Write out the data exactly, please, and omit the pictures.
***** Data shown
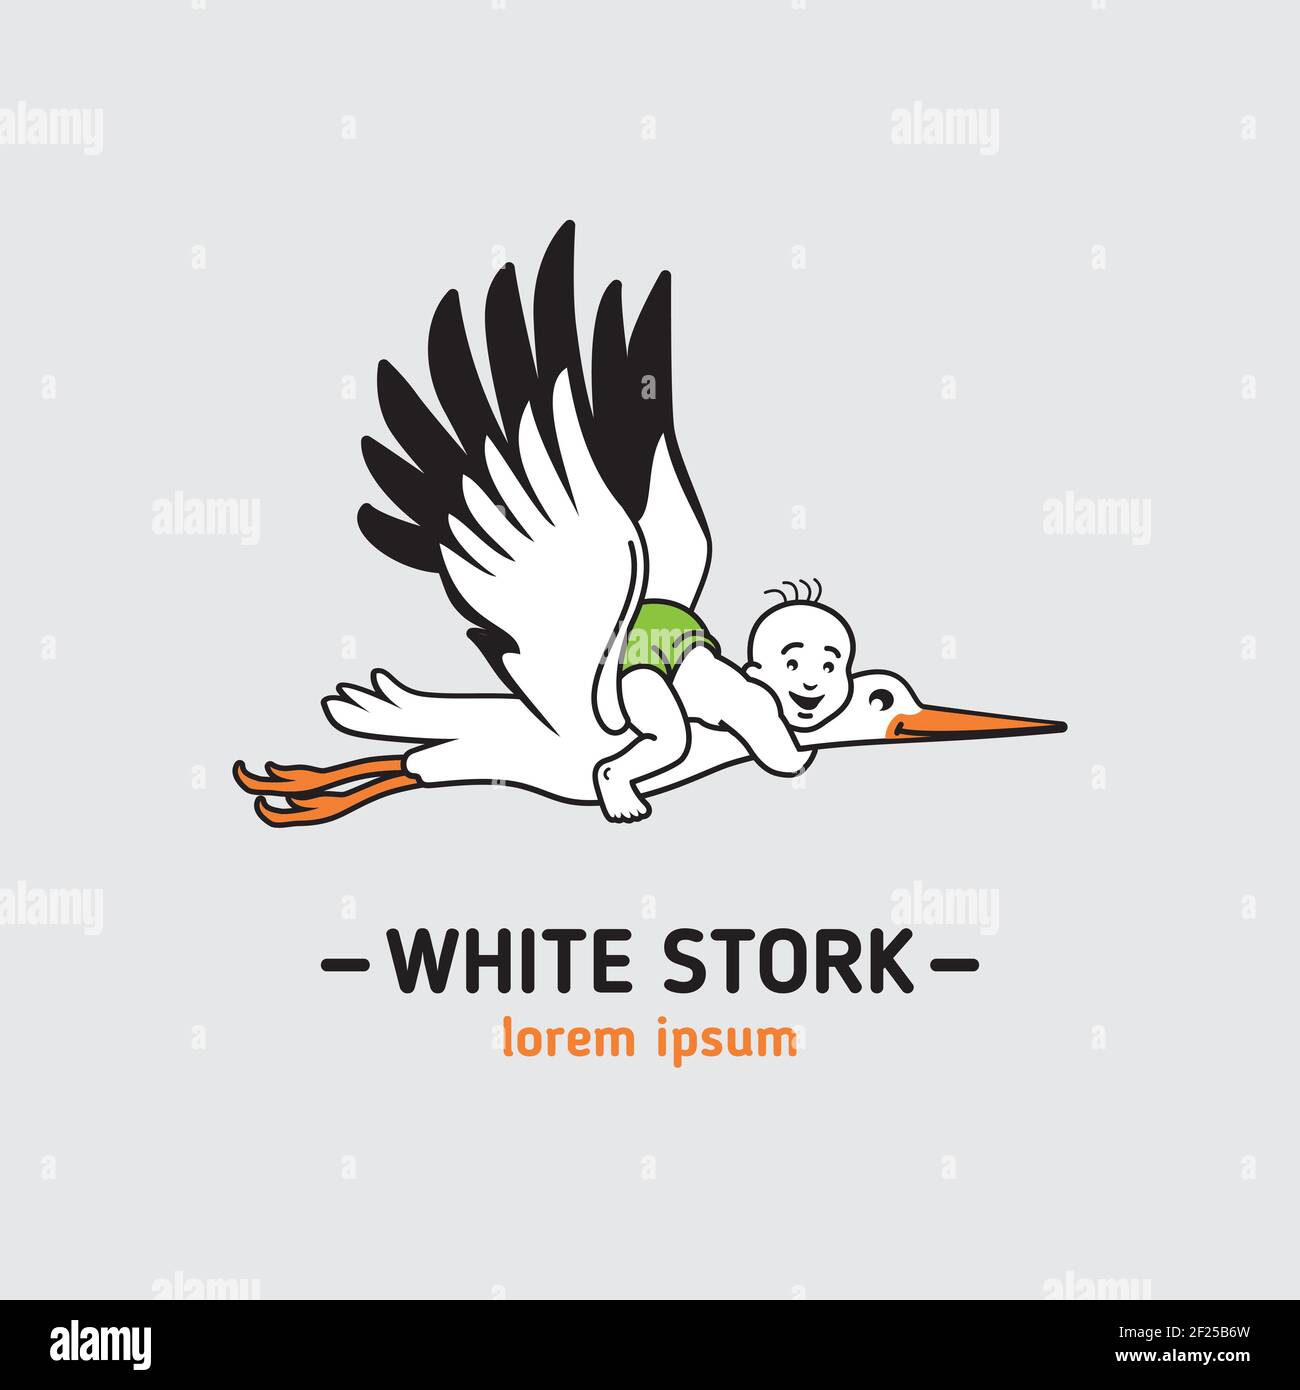 Weißstorch mit einem kleinen Jungen fliegen in den Himmel, heller Hintergrund Stock Vektor
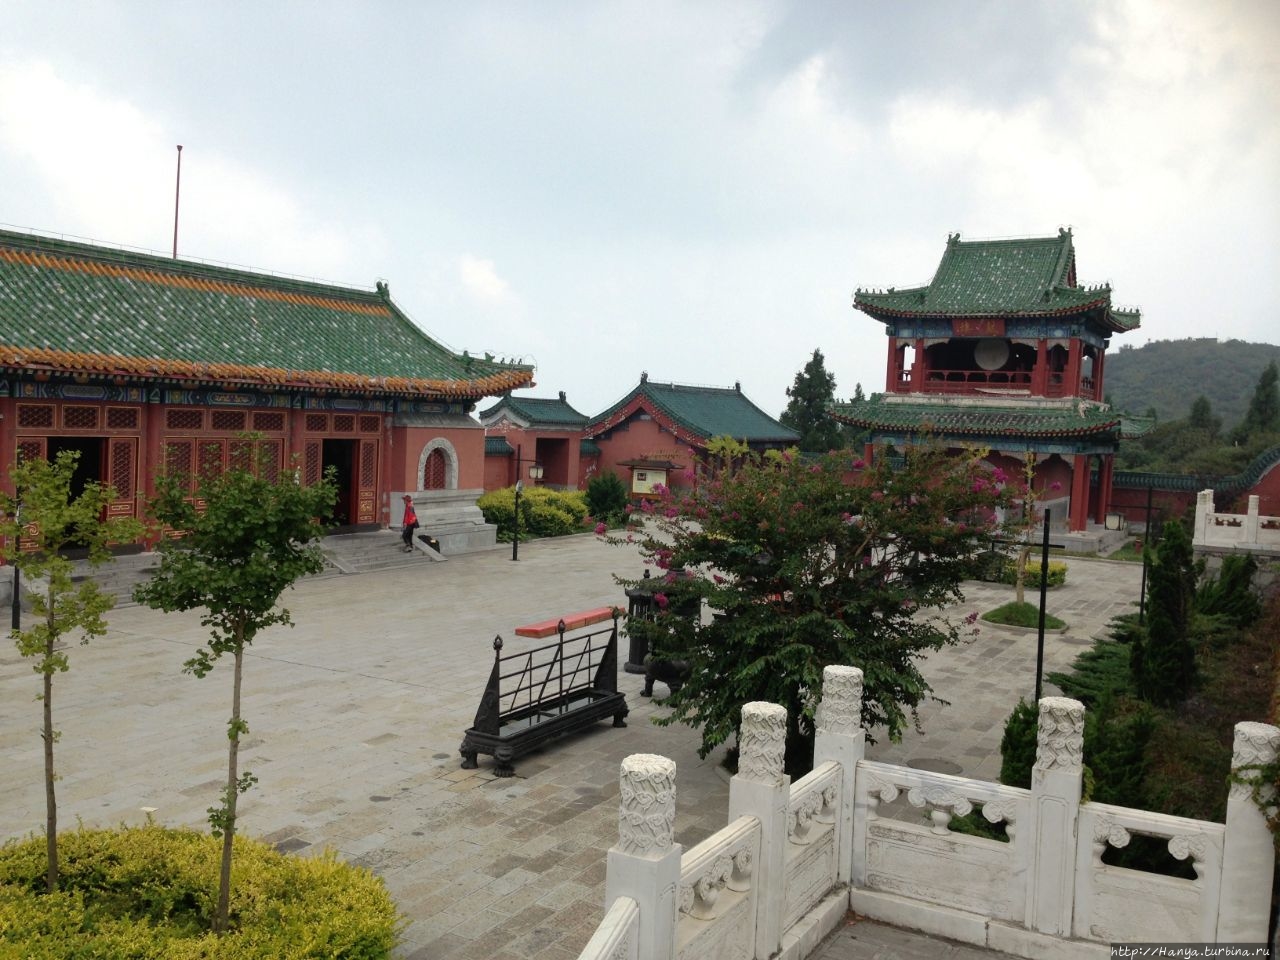 Горный храм Тяньмэнь / Tianmen Mountain Temple
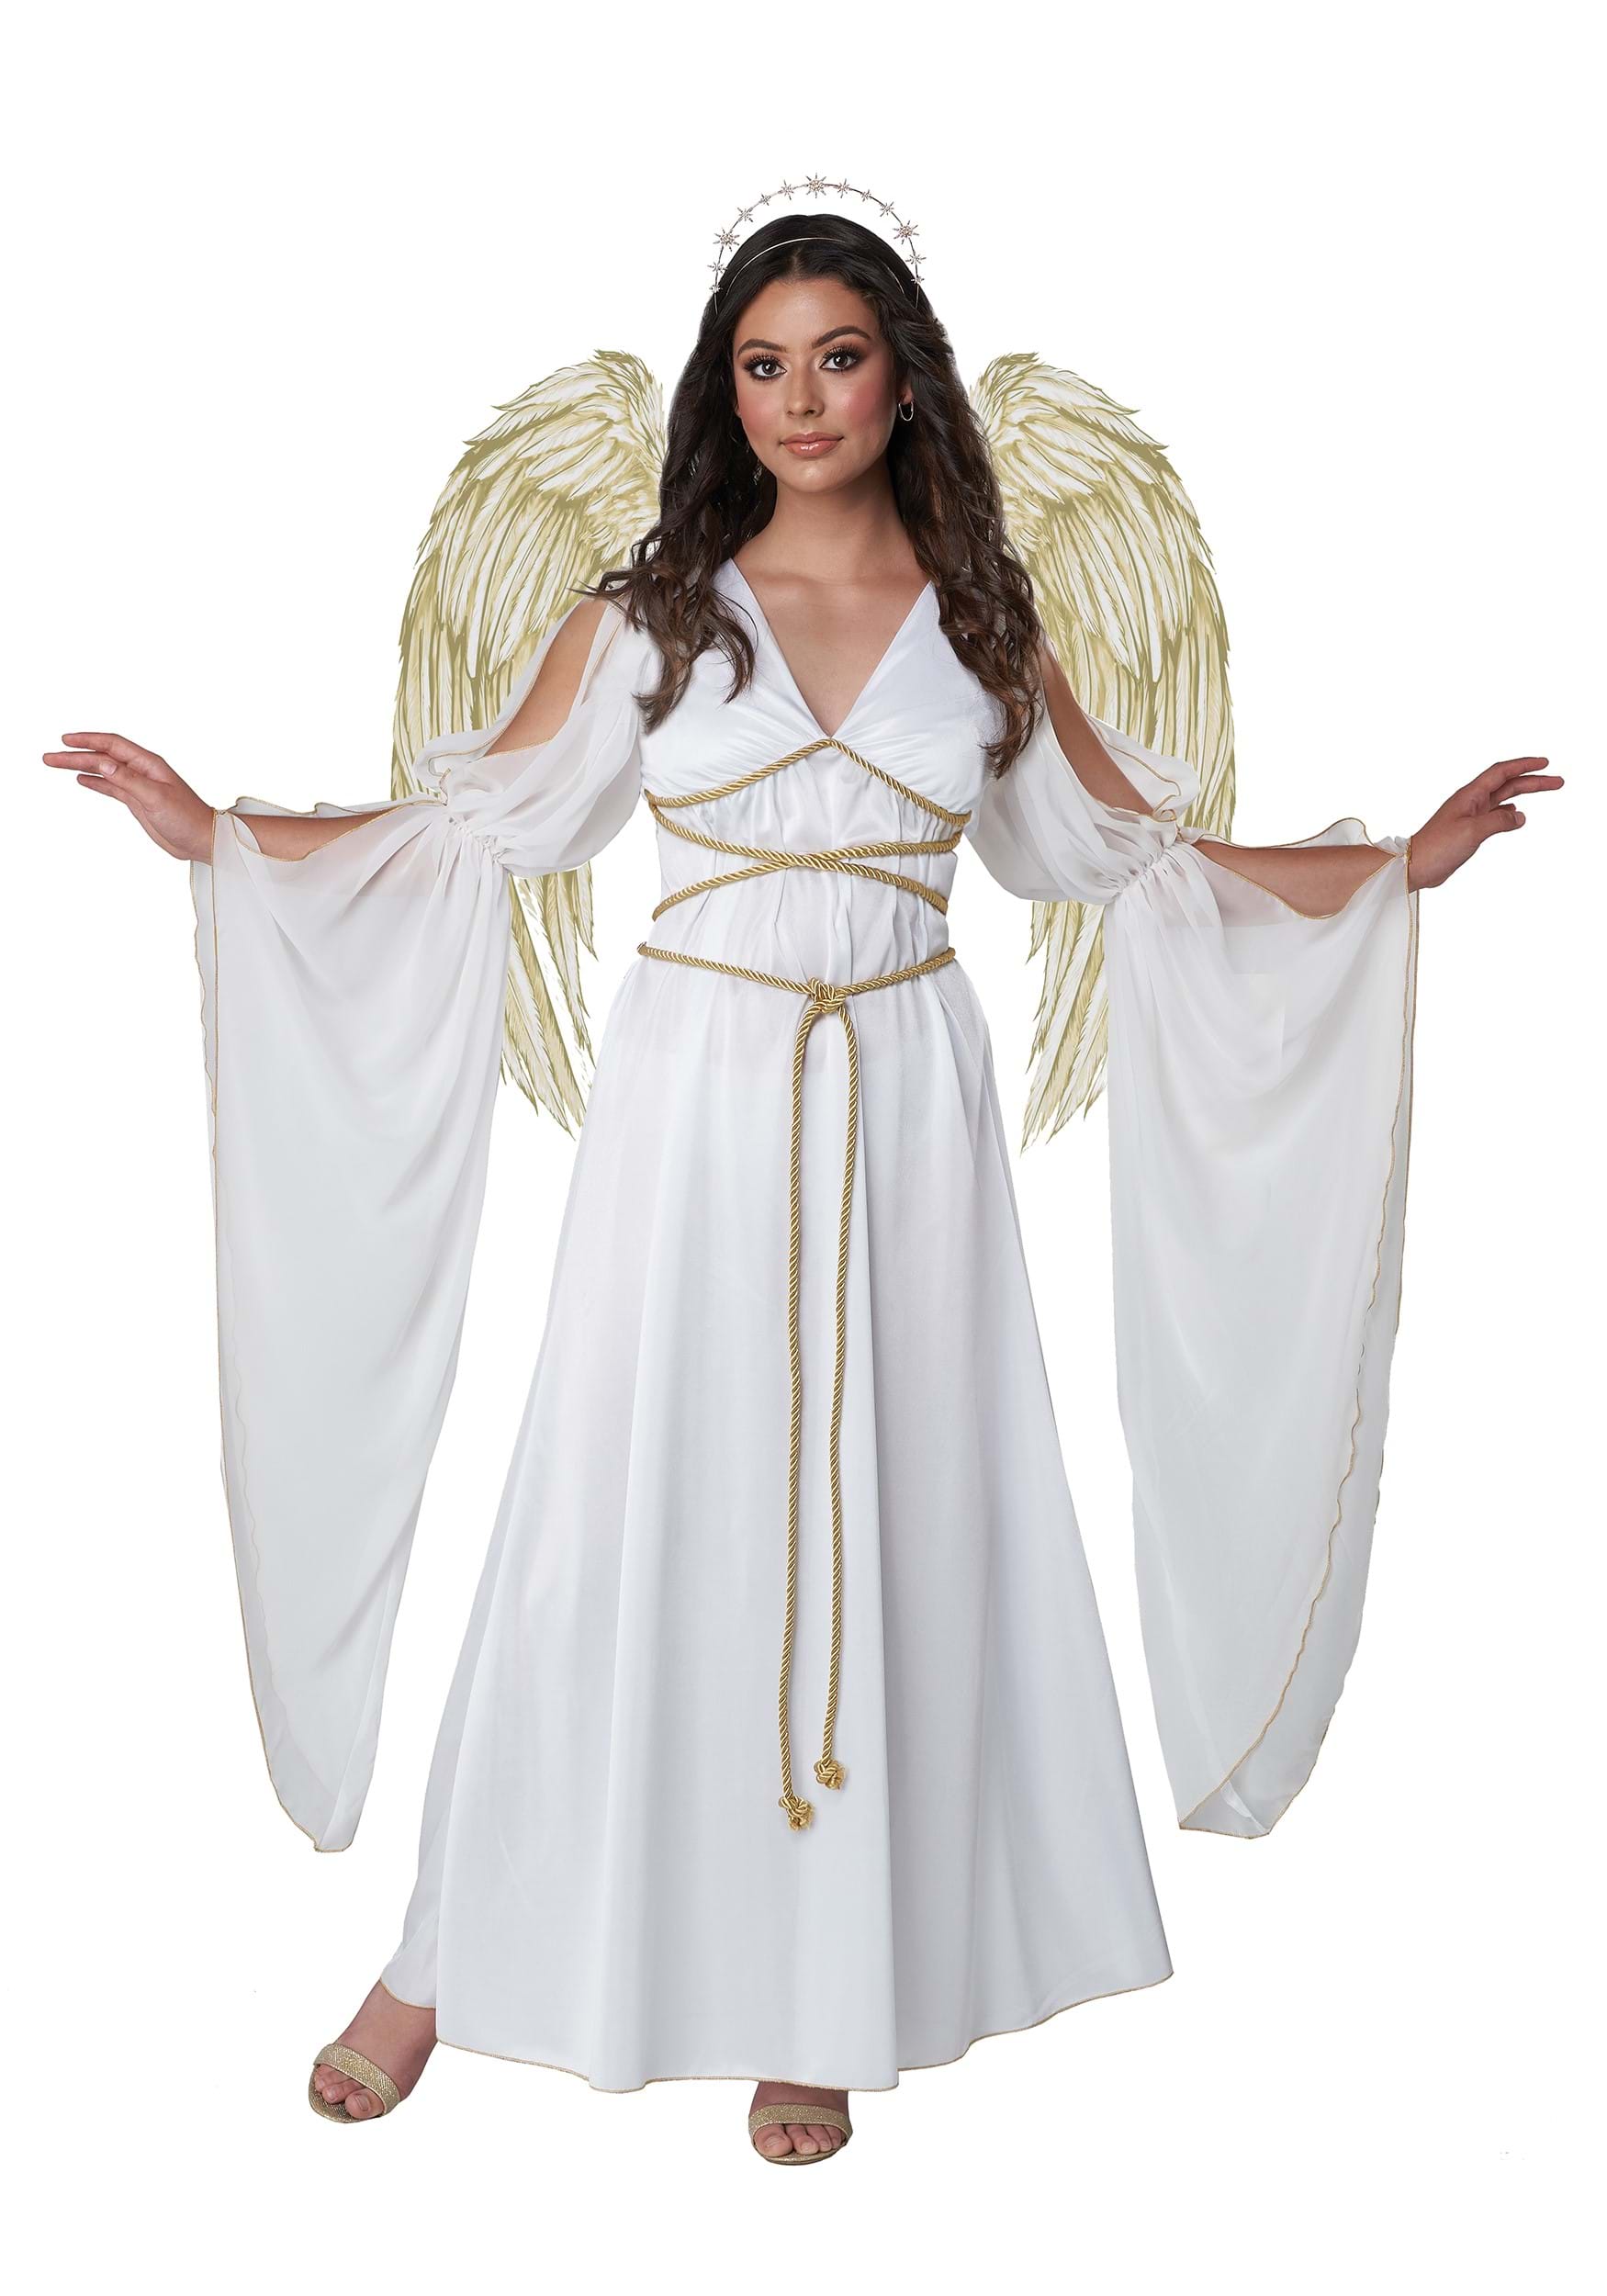 Simply Divine Women's Angel Fancy Dress Costume
**********
Exercise answer
 Weißstorch mit einem kleinen Jungen fliegen in den Himmel, heller Hintergrund Stock Vektor
 Горный храм Тяньмэнь / Tianmen Mountain Temple
 Simply Divine Women's Angel Fancy Dress Costume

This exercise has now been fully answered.